Tevhid Akidesi Beşerden  Ümmet Çıkarır:
Ibadurrahmanlar Ümmeti.
Allah Âdemi özel alaqası ile “tin” den yarattı. Halife olarak üstün niteliklere sahipti. İsimleri ona öğretti. Âdem Tevhid bilincine sahip, şuurlu, donanımlı bir insandı. Âdem’in çocukları böyle değildi: Bir atımlık sudan yaratılmıştı. Ve beşer olarak yaratılmıştı. Beşeriyet; aşiretler, kavimler ve uluslar ve ırklardan oluşmaktadır. Ana ırklar siyah, beyaz, sarı gibi çeşitlidir. Allah’ın seçtiği elçiler ve gönderdiği Kitaplar sayesinde beşer; kimliğini, kişiliğini ve Rabbini tanıyarak Yaradanını bularak O’na yönelecek ve beşerden insana evirilecektir. Böylece Âdemin varisi el İnsan olacaktır. Yüz çevirip inkâr ederse, beşer olmayı da muhafaza edemeyerek aşağıların aşağısına (Esfele safiliyn derekesine) inecektir. Hidayet bulan ve O’nun elçilerine ve gönderdiği Vahye boyun eğerek düşüncesini, aklını muhayyilesini Allah’ın inşa etmesine izin verme iradesini gösterenler,  şuurlu bireylerden müteşekkil Ümmeti meydana getireceklerdir. Bu nedenle Allah;” Gerçek şu ki Sizin bu Ümmet’iniz Tek bir Ümmet’tir. Ben de Sizin Rabbinizim; öyleyse Bana İbadet ediniz.” Buyurmaktadır.(21/92) Allah’a ibadet eden bireylerden oluşan ümmet! Tevhid akidesinin toplumsal tezahürü.Taqwa temelinde İmamet/Halife önderliğinde,İman temelinde  kardeş olmuş siyahi,beyaz,sarı ırktan yetmiş iki soy ve kavimden gelen mü’minler topluluğu. İşte Müslüman birey; muvahhit bir Ümmetin onurlu  üyesi olmaktan kıvanç duyar. Böyle bir Ümmete mensubiyet insana güç ve yön verir. Makbuliyet ve üstünlük; Rabbe yönelen ıbadurrahmanların oluşturduğu Ümmete mensup olmakla elde edilir. Üstünlük ve makbuliyet imanladır.

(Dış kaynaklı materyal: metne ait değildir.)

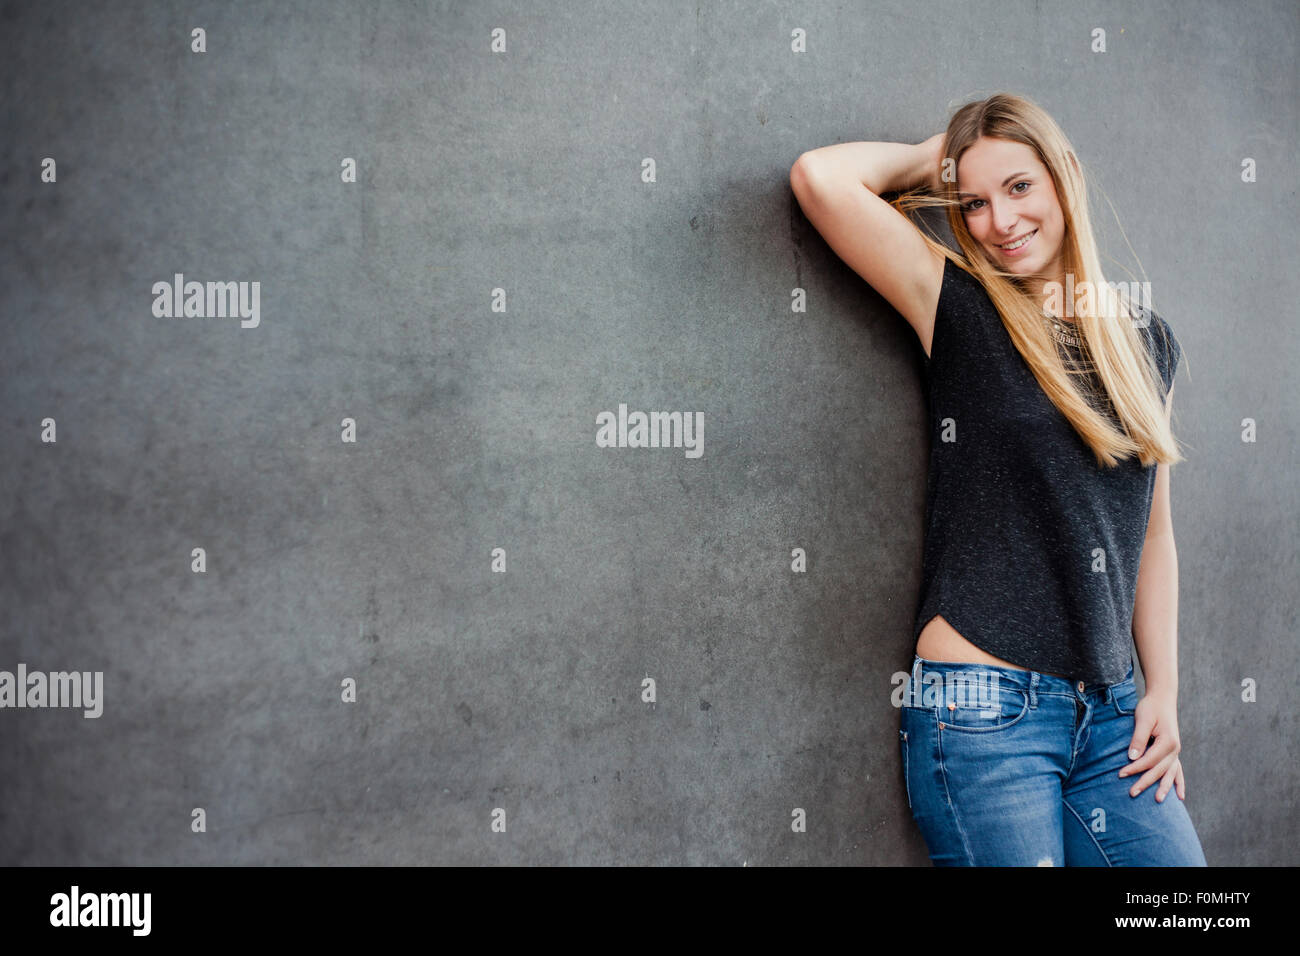 Belle adolescente en face de mur de béton Banque D'Images

   İslam Tarihinde soy ve aşirete dayalı siyasi yapılanmaların, toplumları kucaklayamamasının altında bu vardır.Soy,sop ve ulusa dayalı siyasi düşünce ve hareketler  Beşer Tarihinin hiçbir döneminde  saadet ve huzur getirmemiş,tam tersine savaş,çatışma,kan ve gözyaşına,büyük yıkımlara neden olmuştur. En son birinci ve ikinci Dünya Savaşları ırkçı,kavmiyetçi düşüncelerin sebebiyet verdiği büyük yıkımlardır. Tarihte Emeviler ve Abbasiler soycu, kavmiyetçi siyasi yapılanmalar olarak;istismar,savaşlar, zulüm ve cinayetlerle ayni şekilde insanlığa yıkımdan başka bir şey vermemişlerdir. Her ikisinin 800 küsur yıllık iktidarlarında, Ömer Bin Abdülaziz’in iki-üç yıllık iktidarını saymazsak kahir ekseriyeti egemen cahili anlayış ve düşünce sistematiği temelinde istismar, istibdat, cinayet, sömürgecilik ekseninde; istikbar ve mustazaflaştırılan halkların diyalektiğine sahne olmuştur.

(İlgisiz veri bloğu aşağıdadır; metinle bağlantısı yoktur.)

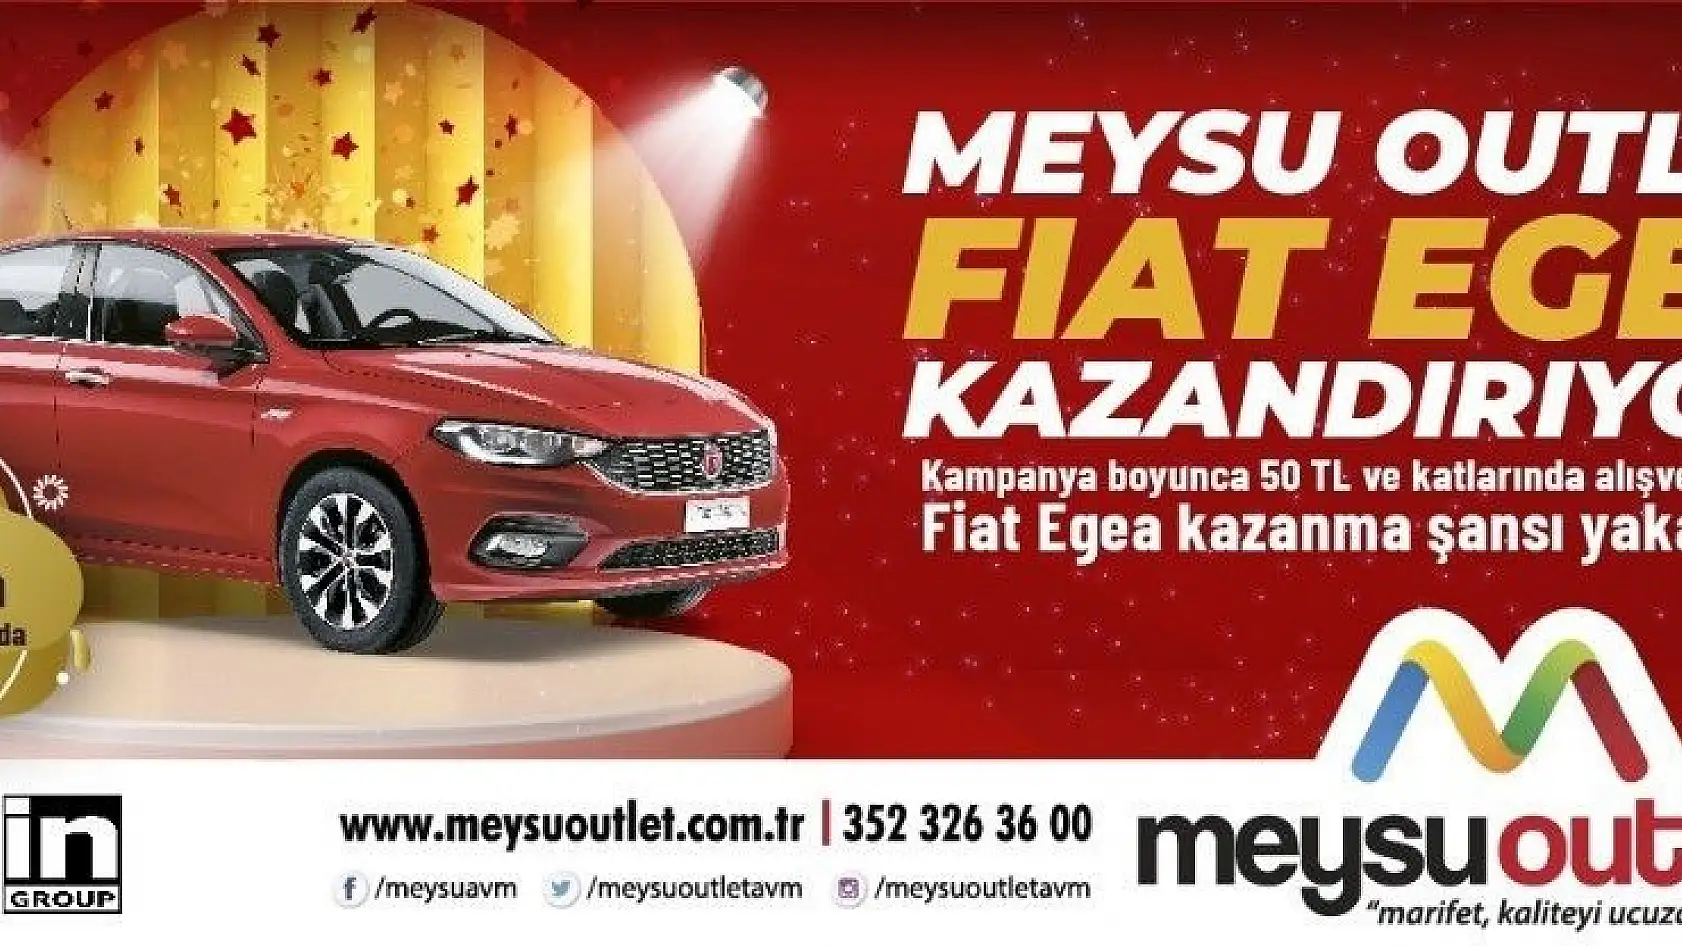 MEYSU Outlet Fiat Egea kazandırıyor

            Kuran ve sünnette  sosyolojik anlamda bir kavim ve soy tanımlaması yoktur. Ayni şekilde kavme,soya mensubiyeti tavsiye,emir babından bir işaret dahi bulmak mümkün değildir. Allah insanların kalıplarına değil kalbindeki taqwaya bakar. Sosyolojik açıdan kavim ulus bir tarih silsilesi boyunca ayni dili,ayni kültürü paylaşan,geçmişten geleceğe akıp giden bir soy tarifini, İslam tartışma konusu bile yapmaz, reddeder. ‘Onlar bir ümmetti gelip geçti. Onlara kendi kazandıkları, size de kendi kazandığınız; siz onların yaptıklarından sorulacak değilsiniz’ der..
            Allah’ın övdüğü ve mensubiyetinden iftihar edilecek olan birliktelik hayırda yarışan bir ümmet olmaktır. Yüce Kur’an da ; ‘Siz insanlar için çıkarılmış ümmetlerin en hayırlısı olmak üzere yaratıldınız. İyiliğin yapılmasını emreder, kötülüğün yapılmasını yasaklarsınız ve Allah'a inanır iman getirirsiniz. Kitap verilenler de inansalardı, haklarında hayırlı olurdu. İçlerinde inananlar varsa da pek çoğu dinden çıkmış fasıklardır.’ Buyrulmaktadır.  Görüldüğü gibi ümmetlerin en hayırlısı olmanın şartı emri bil ma’ruf,nehyi anil münker yapmak,Allah’a inanıp,iman etmektir.        Mü’minler iman edenlerle beraberdir. İslam insanlar ve ümmetler,kavimler  arasındaki  temel çelişkinin İman/Küfür çelişkisi olduğunu haber vermektedir.  Allah’ın davetine toptan icabet eden bir kavmin olmaması da dikkat çekicidir. İnsanların çoğu iman etmez ilahi uyarısı bu noktayı nazara vermiştir. İnanmayanlardan tebberri edilmesini Rabbimiz istemektedir. Şöyle buyrulmaktadır; ’ Sana da önünde bulunan kitapları doğrulayıcı ve onlara bir şahit olmak üzere bu hak kitabı indirdik; onun için sen de aralarında Allah'ın indirdiğiyle hükmet, sana gelen gerçekten ayrılıp da onların arzuları arkasından gitme! Her biriniz için bir kanun ve bir yol tayin ettik. Allah dileseydi, hepinizi bir tek ümmet yapardı, fakat sizi, her birinize verdiği şeylerde imtihan edecek. O halde durmayın, hayırlı işlerde yarışın. Nihayet dönüşünüz hep Allah'adır. O zaman O, hakkında ayrılığa düştüğünüz şeyleri size haber verecektir.
           
Kavmiyetçilik;
Asabiyet,Kibir, Böbürlenme, Üstünlük Taslamadır!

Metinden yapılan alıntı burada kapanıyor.